Mais sa décision était prise. Le plan qui avait mûri dans son esprit pendant ces deux longues semaines était fin prêt, et Harry eut un douloureux pincement au coeur lorsqu'il s'entendit répondre:
-Ecoute...je savais que vous viendriez, mais...je ne peux pas vous accompagner.
Ron eur l'air interloqué, mais Hermione semblait s'attendre à une telle réaction.
-Harry, tu le dois ! Nous avons ordre de te ramener au plus vite au quartier général et si tu refuses, des aurors viendront te chercher à notre place. Harry, Voldemort est à tes trousses, il sait que tu es ici...Oui, il ne pourra pas violer la protection de cette maison, comme si elle s'attendait à la réponse de Harry qui avait ouvert précipitamment la bouche, mais les mangemorts, Harry ! Les mangemorts le peuvent, et bientôt cette protection cessera d'exister, précisément quand tu seras...
-Majeur, oui, je sais.
Harry s'y attendait,
-Ecoute, répondit-il fermement, privet Drive est le seul endroit au monde où je sois en sécurité...Dumbledore me l'a dit! Pas même l'Ordre ne peut mieux me protéger que ces murs...
Il fut interrompu par de violentes secousses au sol. Il y eut un bruit de verre cassé dans la cuisine, et la tante Pétunia poussa un hurlement d'effroi.
-Le signal, s'exclama Ron en sursautant. Nous n'avons plus beaucoup de temps, il faut transplaner, viens...
Saisissant la manche de Harry, il s'avança au milieu de la pièce.
-Je n'ai pas mon permis, je ne peux pas venir avec vous!...
-On transplanera ensemble, répondit Hermione d'un ton pressant.
Elle les empoigna fermement par les coudes.
-Rappelez-vous, Décision, Destination, Détermination...A trois...Un...Deux...
Au "trois", Harry ressentit à nouveau la désagréable sensation d'oppressement que provoquait le transplanage. Il eut la dernière et fugitive vision du hall d'entrée des Dursley recouvert de verre brisé, puis le décor sinistre d'une cuisine poussièreuse vint se substituer au 4, privet drive.
Les oreilles bourdonnantes, Harry tituba quelques instants, s'accomodant peu à peu à la pénombre de la pièce.

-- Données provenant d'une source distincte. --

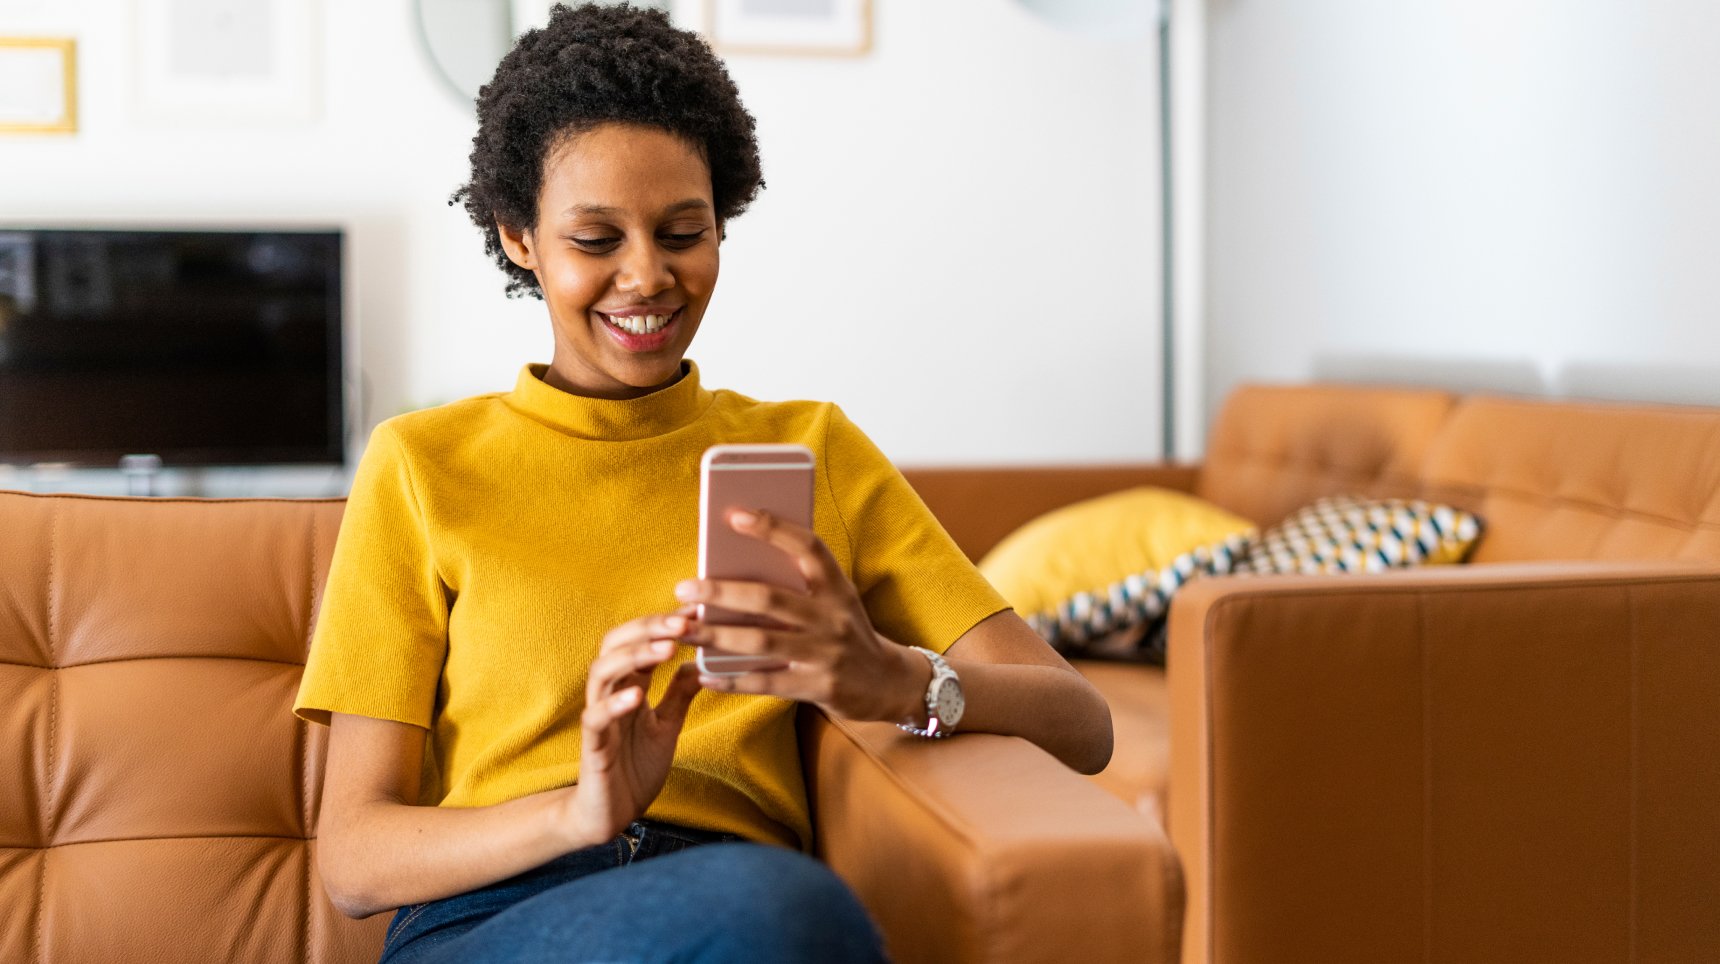 Smiling Woman in Mustard Top on a Cell Phone Sitting on a Caramel Leather Couch

-Bien, soupira Hermione en époussetant le revers de sa cape, je suppose que ça aurait pû être plus long que ça...Et maintenant, Harry...Viens avec nous.
Elle le tira fermement par la manche, mais Harry résista.
-Non! Lâche-moi !
Il lui semblait que ses oreilles, sa bouche, son crâne étaient recouverts d'une épaisse couche de coton, mais ses facultés d'esprit, heureusement, étaient intactes.

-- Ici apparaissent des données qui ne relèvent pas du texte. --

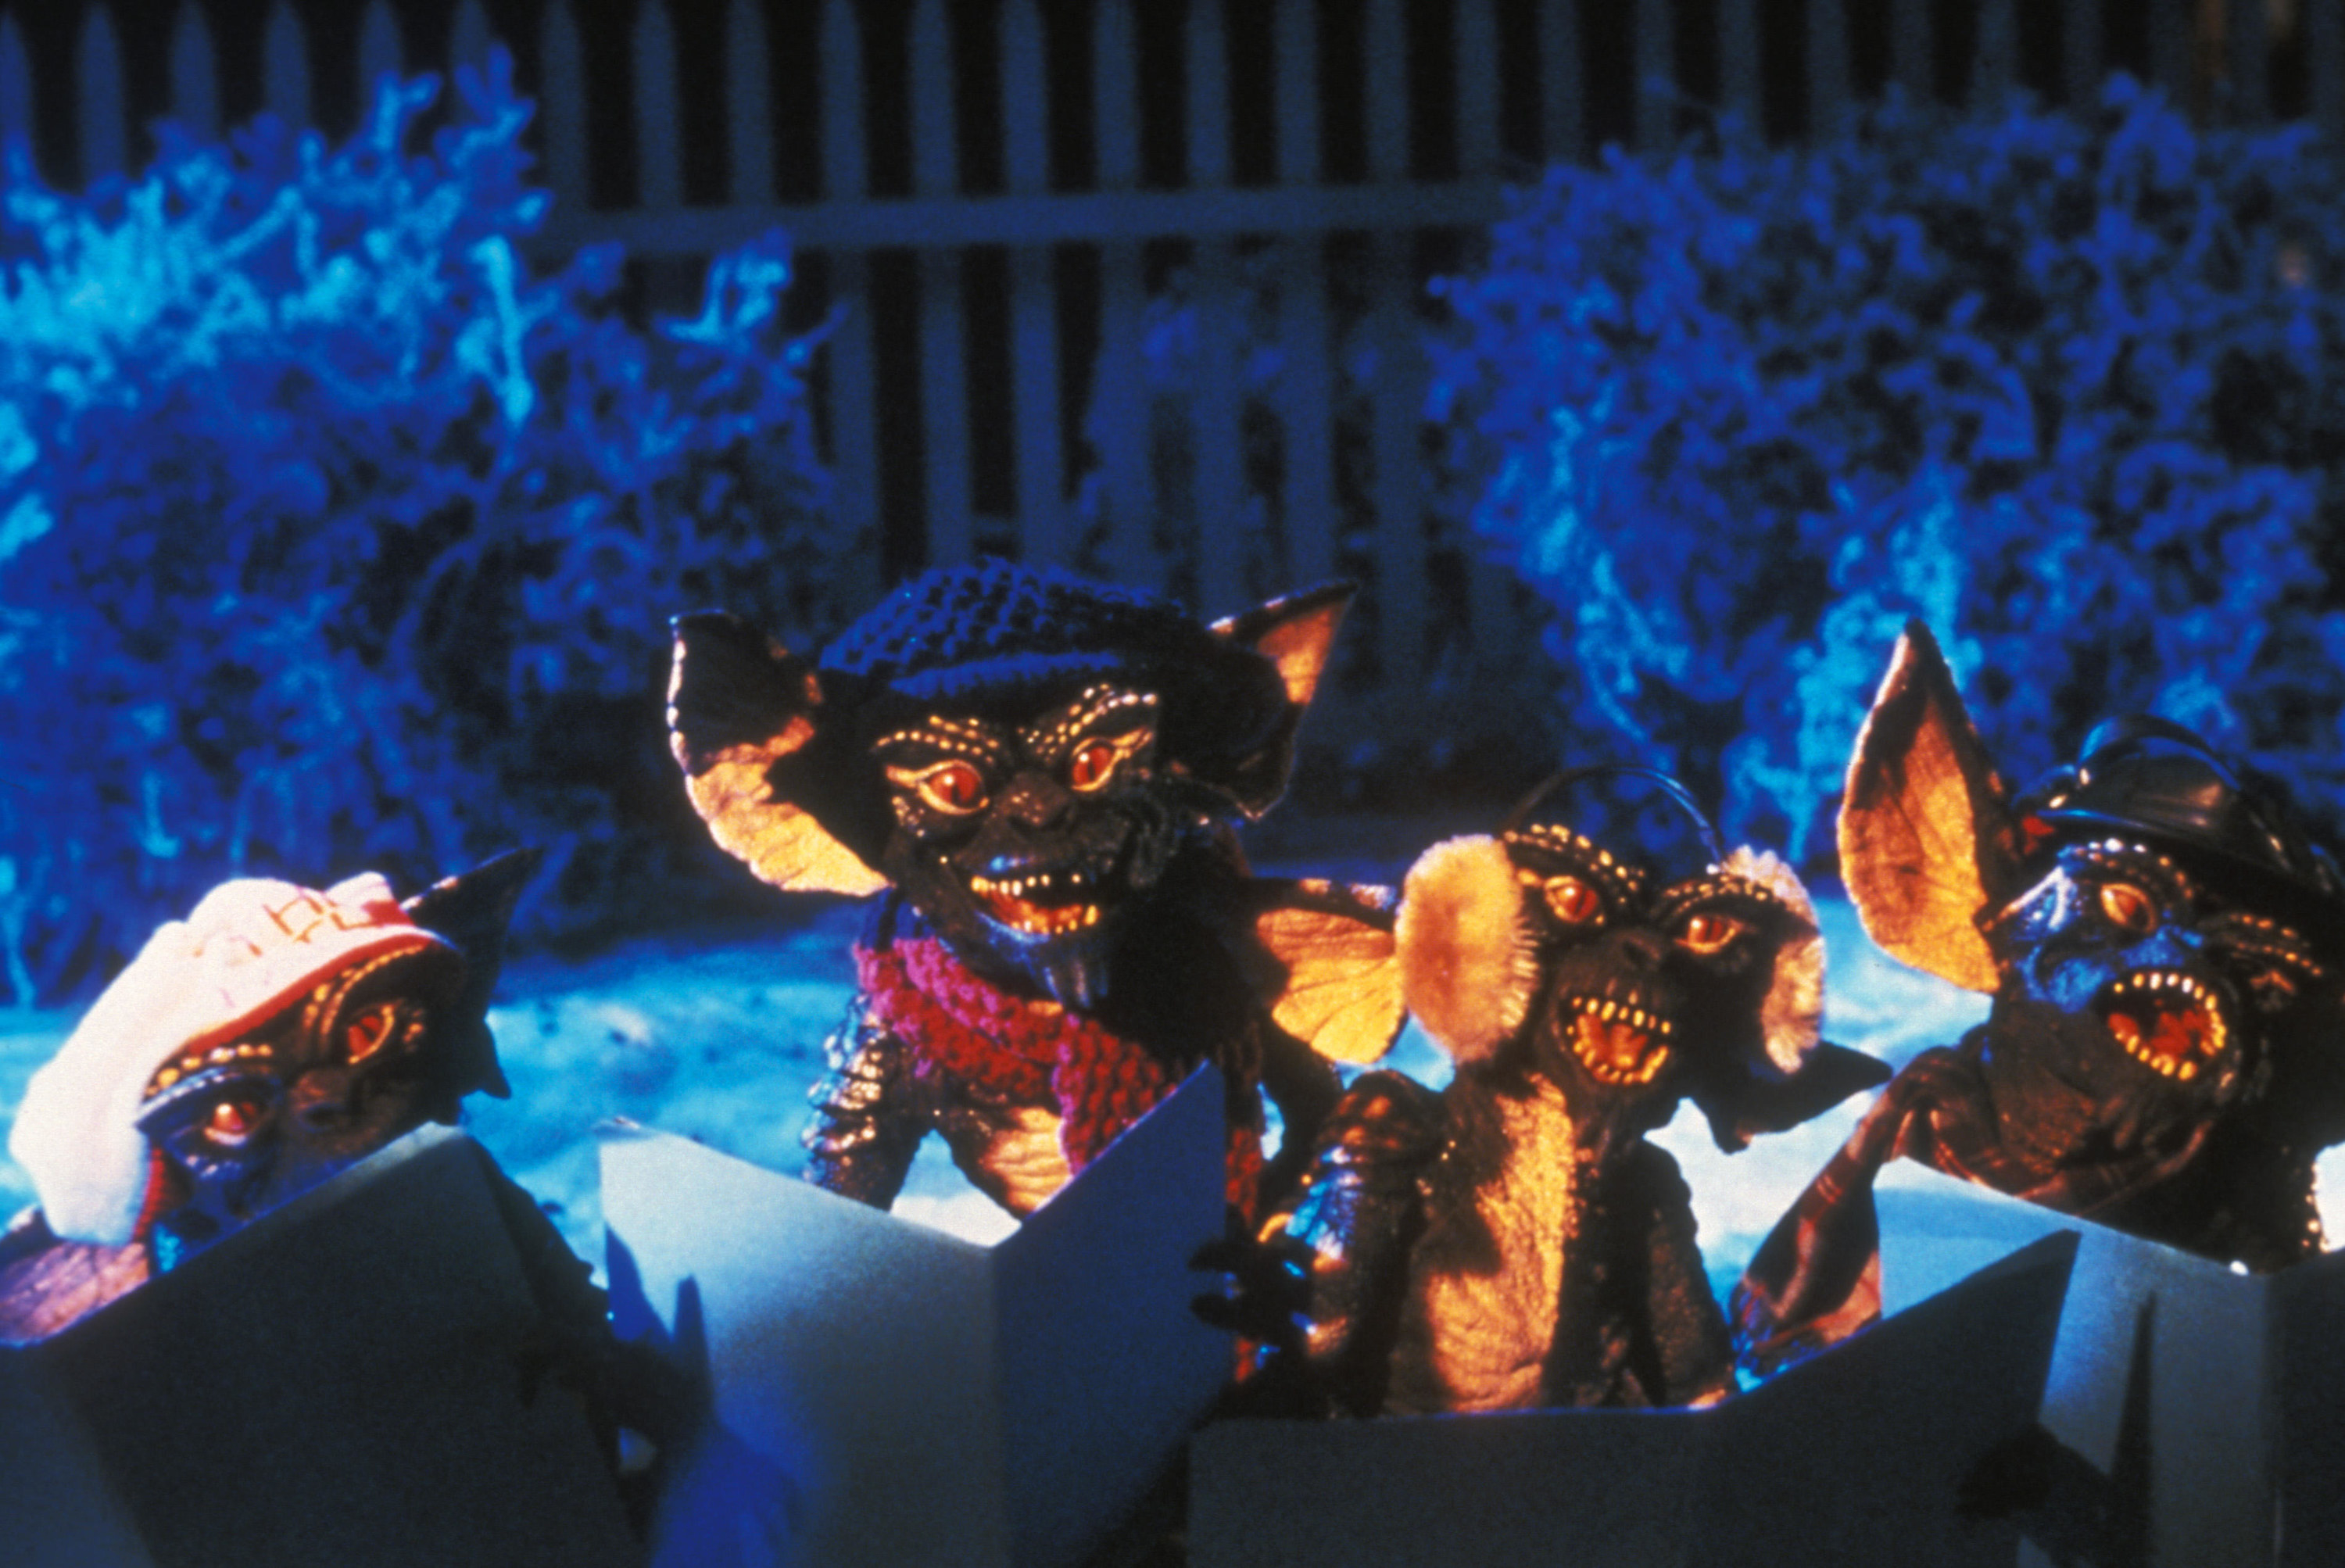 Four scaly gremlins sing Christmas Carols in the snow

-JE NE PEUX PAS HERMIONE ! Tu ne comprends donc pas? Voldemort veut me tuer! Il va venir ici, je dois retourner à Privet Drive, je ne veux pas que d'autres meurent à cause de moi!
Contre toute attente, Hermione ne répliqua rien, et se contenta de marcher en direction de la porte de la cuisine, l'air impassible. Harry poussa un hurlement de rage non contenue.
-POURQUOI EST-CE QUE TU...VAS-TU ENFIN M'EXPLIQUER...
Puis il s'arrêta net, le souffle coupé. Hermione venait d'entrouvrir la porte de la cuisine, une lourde porte en bois aux poignées sculptées en tête de serpent. Et derrière cette porte, scintillant dans l'obscurité du couloir, forme mouvante, il y avait...
-Sirius !
Aux traits tirés mais d'une élégante finesse, il reconnut le visage de son parrain. Mais ce n'était plus tout à fait Sirius. Les membres transparents, la peau à la paleur iréelle n'avaient plus rien d'humain. Il était devenu ce qu'Harry avait tant, jadis, espéré qu'il soit: un fantôme.